Driving the Carreterra Austral is possible in many different ways. From Puerto Montt, you have basically three options. First, it is possible to take a ferry directly from Puerto Montt to Chaiten which skips the first smaller sections of the route, but is pretty much at the beginning of the route. Taking this route would cut out the need for two smaller ferries. The next option is to drive to the west through Chiloe Island and take a ferry from Quellon to Chaiten. This is a popular route among travelers as Chiloe has a great reputation for its beauty and contains many UNESCO World Heritage Sites for its historic churches. Finally, it is possible to drive to the east of Puerto Montt and take a ferry from La Arena to Puelche, then drive to Hornopiren. From Hornopiren, a ferry connects travelers to Caleta Gonzalo from which the highway connects to Chaiten. More or less, Chaiten is generally the starting point of the Caraterra Austral. Not wanting to miss any part of this route, we opted for the third choice.

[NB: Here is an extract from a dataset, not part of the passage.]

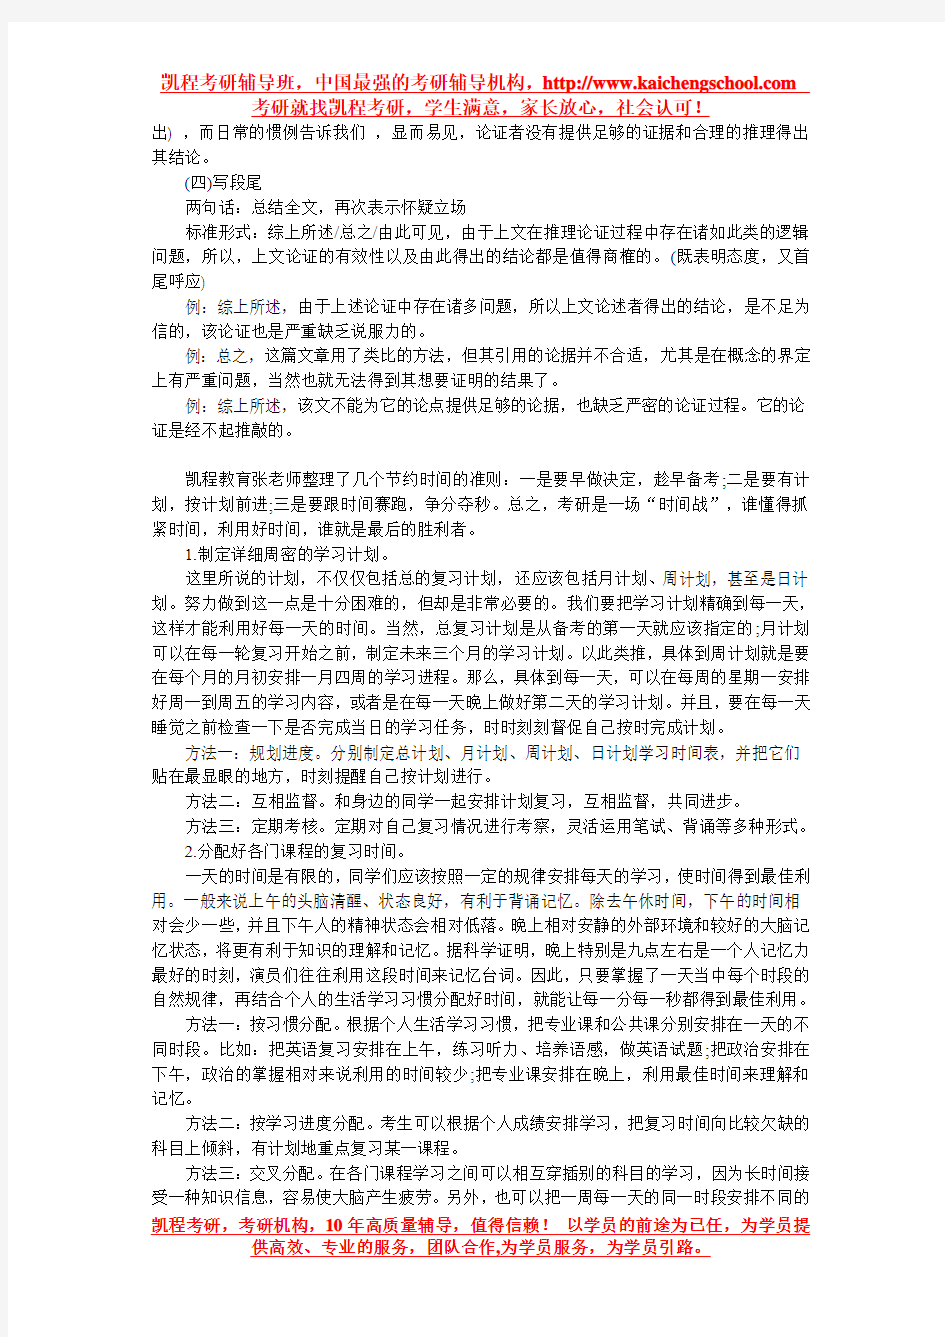 考研经管联考中文写作论证有效性分析写作模板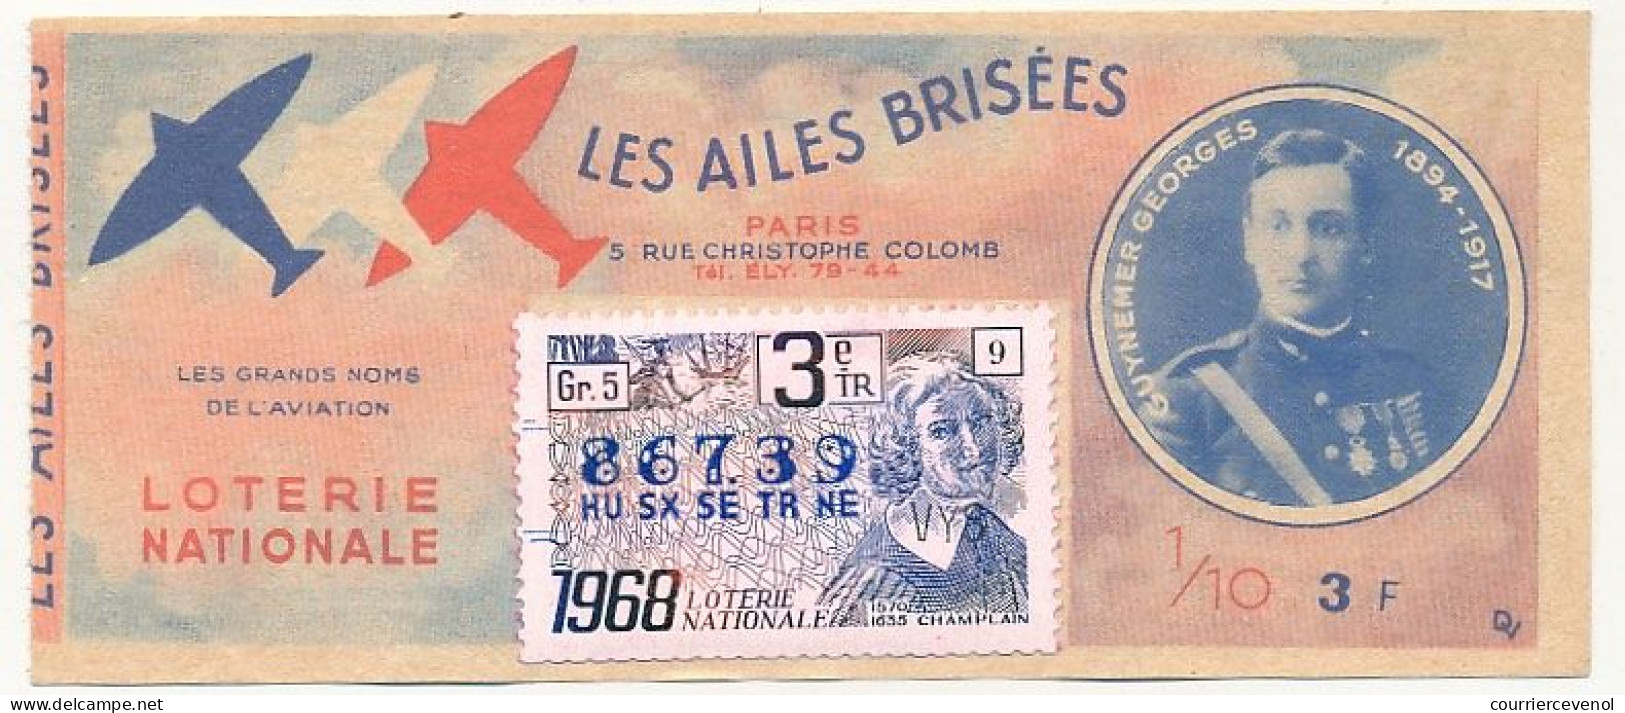 FRANCE - Loterie Nationale - 1/10ème - Les Ailes Brisées - Grands Noms De L'Aviation - Guynemer Georges - 3èm Tr 1968 - Lotterielose

In the peak season, the Caraterra Austral is busy with travelers from all over the world. Ferries get booked up fast, so making reservations ahead of time helps avoid the possibility of waiting for two weeks for the next available ferry. Luckily, the process is easy. It can be done online but is much easier to do in person. We went to the Naviera Austral ferry office in Puerto Montt to make our reservations. Even a couple of days in advance, we were able to make two ferry reservations without any problems.

After stocking up with food and water for a couple of weeks, we left Puerto Montt and camped on the beach a few miles before the first ferry. It was another campsite with a million dollar view.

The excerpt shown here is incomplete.